The answer is no. I didn’t engage. It’s why I’m not a Marine. It’s why I’m not a hundred other things that wouldn’t make me a fucking pussy. <– oppressive and patriarchy but I don't give a fucking shit – if you do, then why don't you fucking move to contact and engage?
I went to a meet once where I lifted the most in my weight class. It wasn't a good feeling. It felt like everything was a lie. It was like when I took a creative writing class and everyone else wrote about sunsets and fox spirits.
Maybe this is a pattern of behavior. People raised in abusive homes tend to seek out abusive relationships. Maybe my pattern is – is what? To build emotionally codependent and ambiguous relationships with girls who otherwise don't give me the time of day? To re-affirm my mediocrity, as I've done throughout my adolescence?
Harry, you WK'ed Gillian Ward for pressing 135lbs x 9. You said it motivated you to work harder. First of all, spare me. Secondly, you went on to say your goal is to press bodyweight for one – some fucking guy at a Gold's Gym might press 1.5x bodyweight and there are other fucking guys who press 396lbs like Klokov – but you are who you are and you do what you can. So you're running some fucking modified 5/3/1 to work towards a bodyweight press. You've encountered contact, and you are engaging.

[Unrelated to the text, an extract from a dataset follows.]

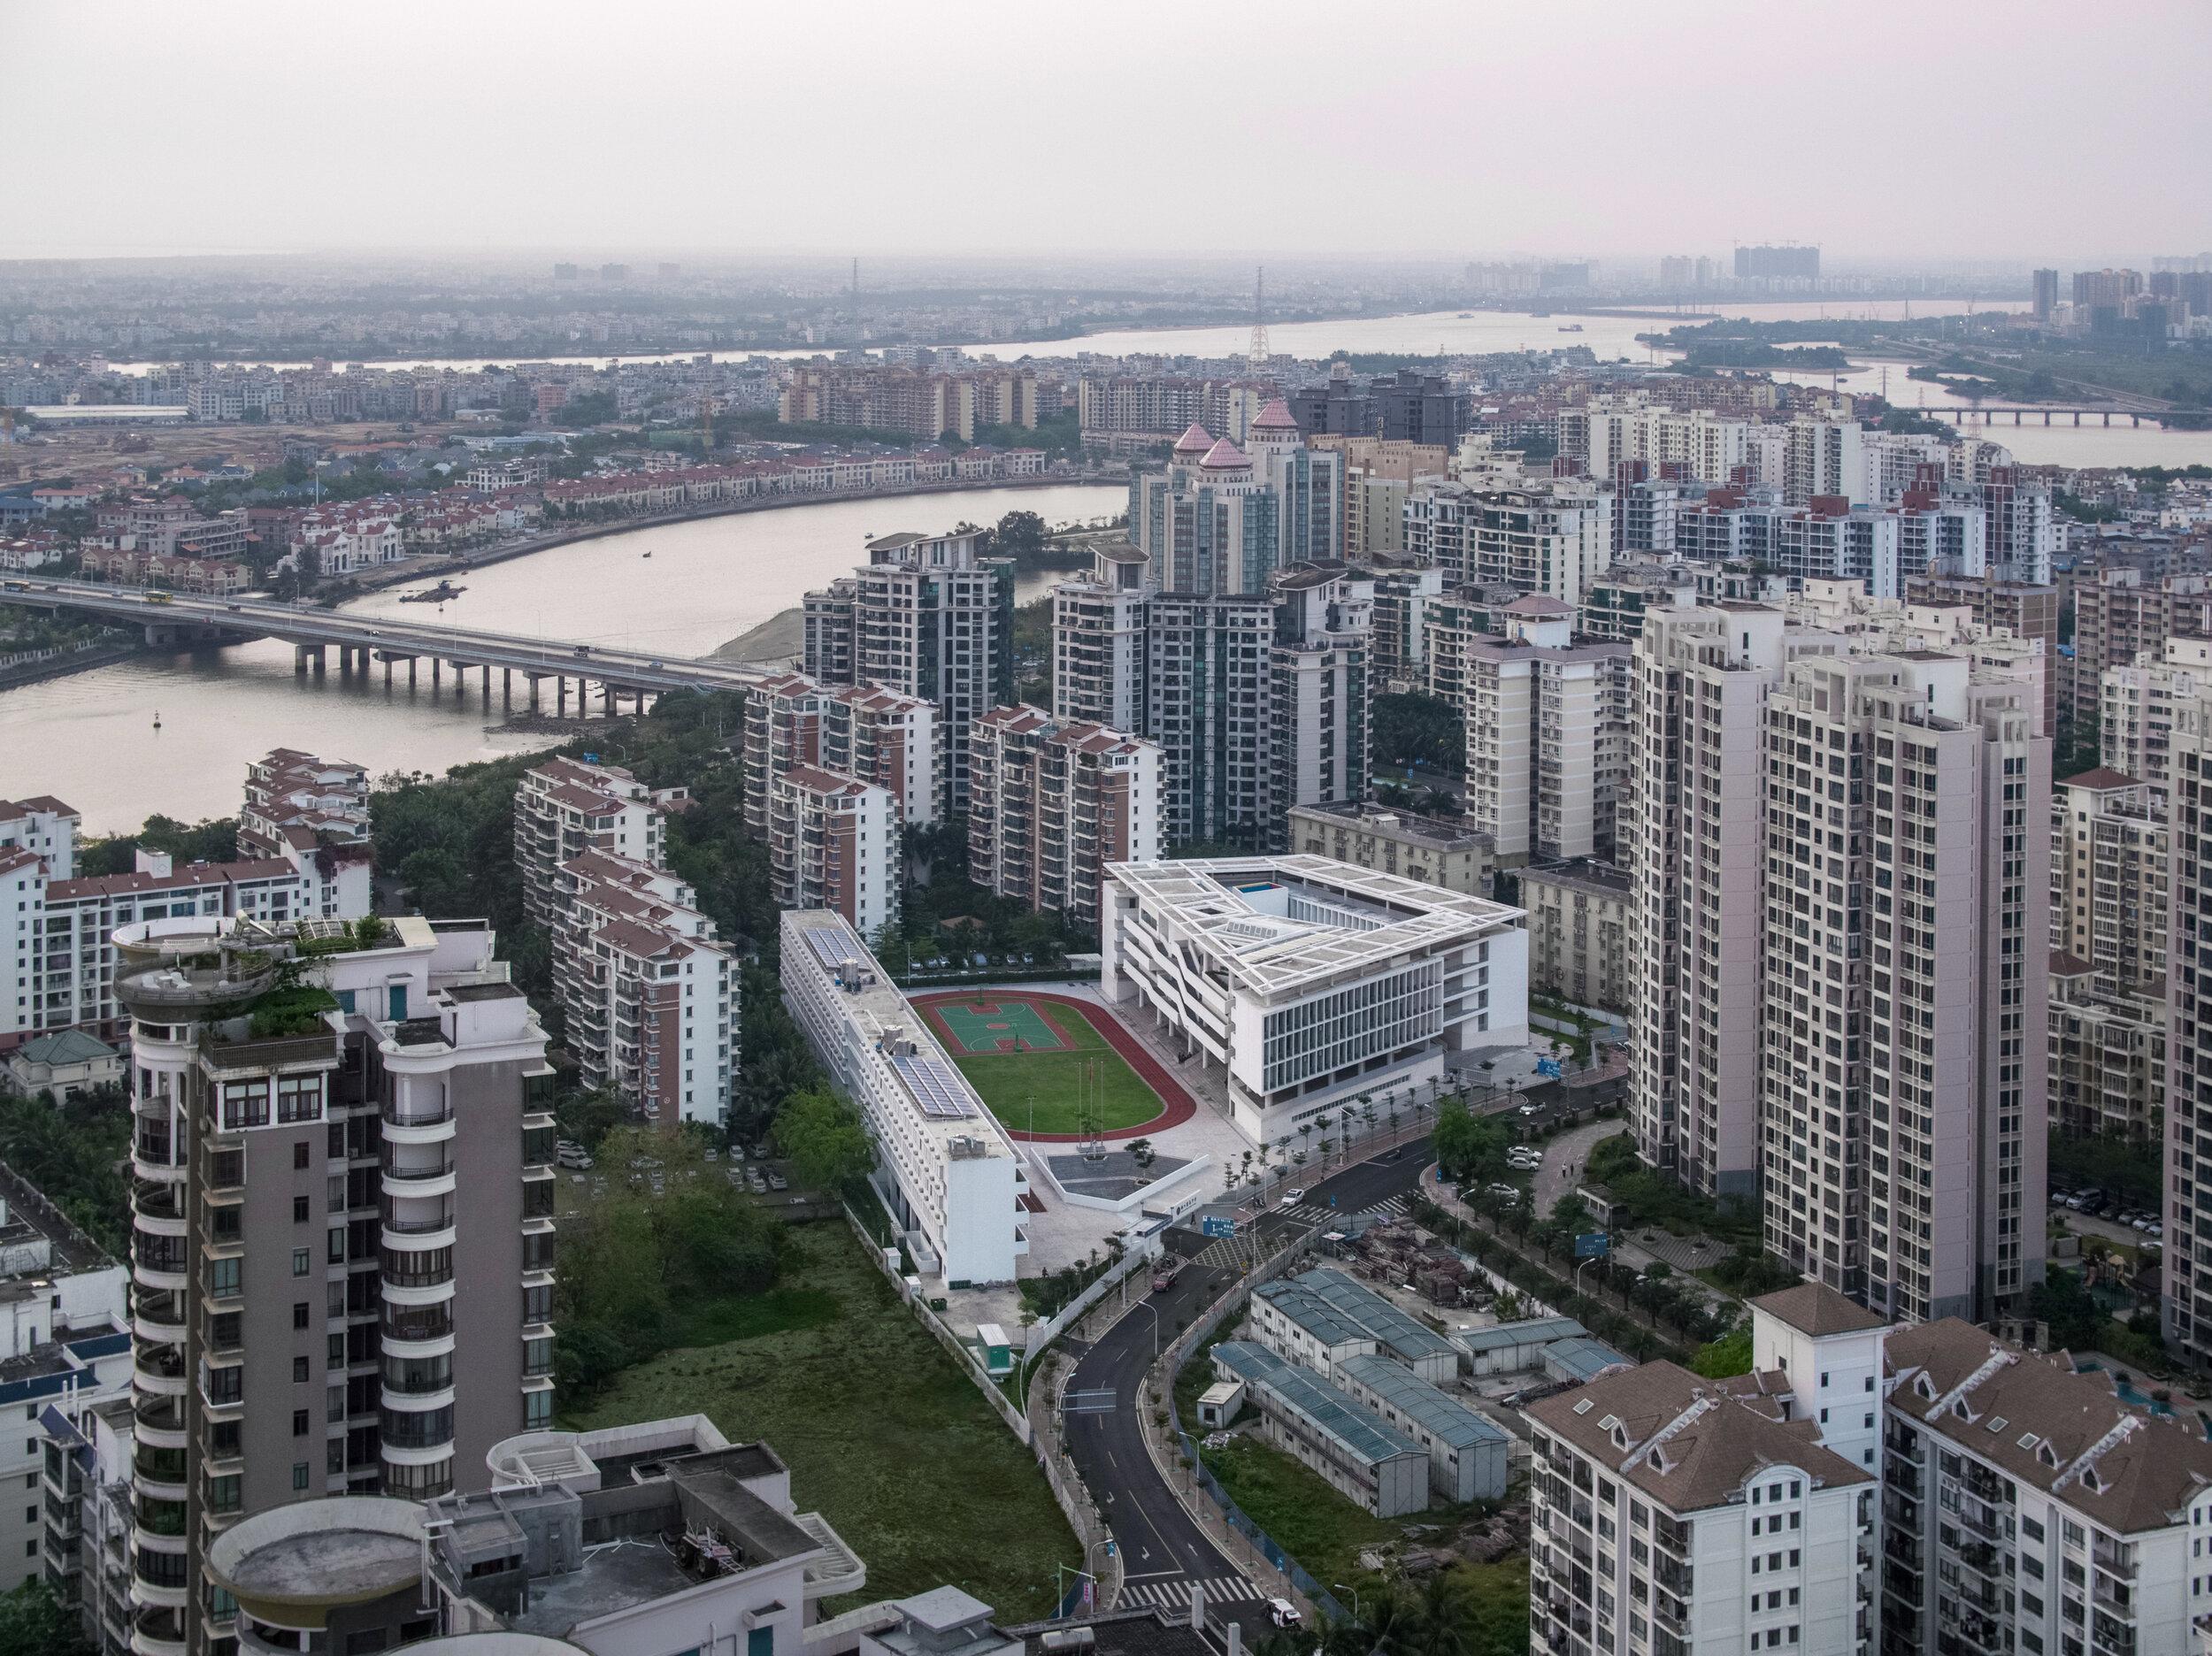 01 鳥瞰 ?是然建筑攝影  Aerial view ?Schran Images.jpg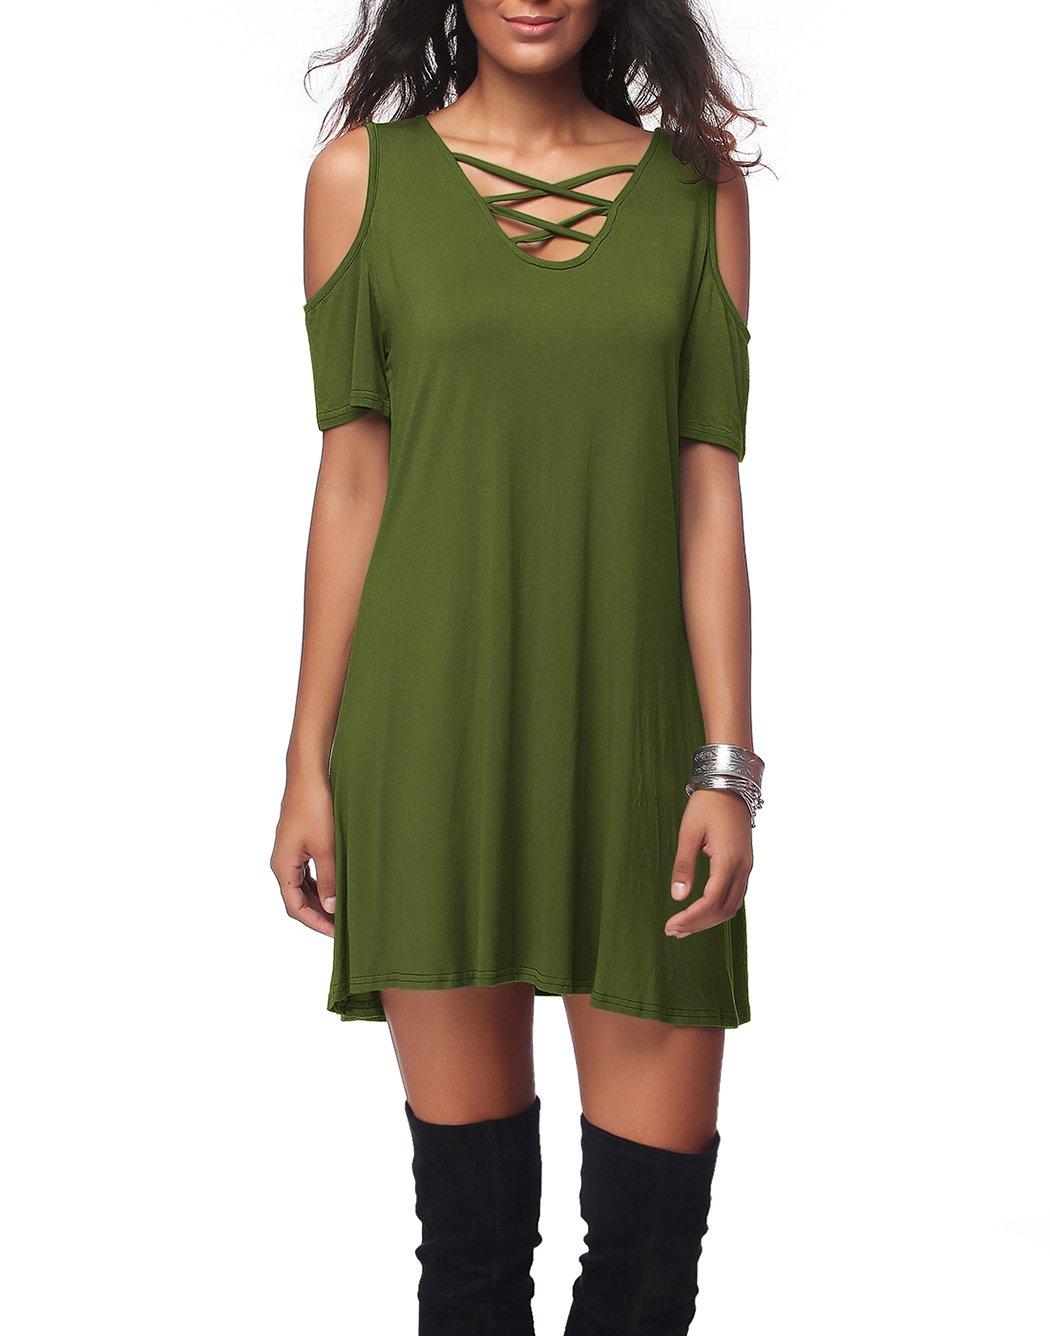 Women's Casual Short Sleeve Off Shoulder Cross V-Neck Loose Dress,Olive,XXL

If I qualify for a meet, I've made contact. I can either sit at home and jerk it to gokkun play or I can engage.
Hey for the record, jerking it would be the thing that is any good and makes me happy.
Qualifying for a meet just makes me realize how much of a fucking mistake it is to wear mismatched lifting shoes.
“Why do you keep saying Marines move to contact?”
I was reading a thread on reddit about vet’s experiences in Iraq. One guy said that he and his unit were on patrol and they saw clear signs of an IED – guys hanging out near windows with a cellphone, some deliberately placed rubble, etc. They wanted to call in eod to secure the area but their CO denied them permission. The guy reiterated the situation, this time asking if they could at least use an alternative approach, and the CO again denied permission and said “MARINES. MOVE. TO CONTACT.” So they proceeded down the road and two guys got blown up.
What I am getting at is that nothing matters. Nothing is “any good.” You commit to something and you will probably die or become disillusioned or be delusional before anything good comes out of it. But you can’t avoid contact, and you are compelled to engage.
There was a time when I thought Bolo Yeung was too bulky. There was a time when I was content doing a set of 100 push ups and a set of 100 sit ups and 5 sets of 20 air squats and considered that a good fitness regimen. It was a happier time, and at once my darkest hour.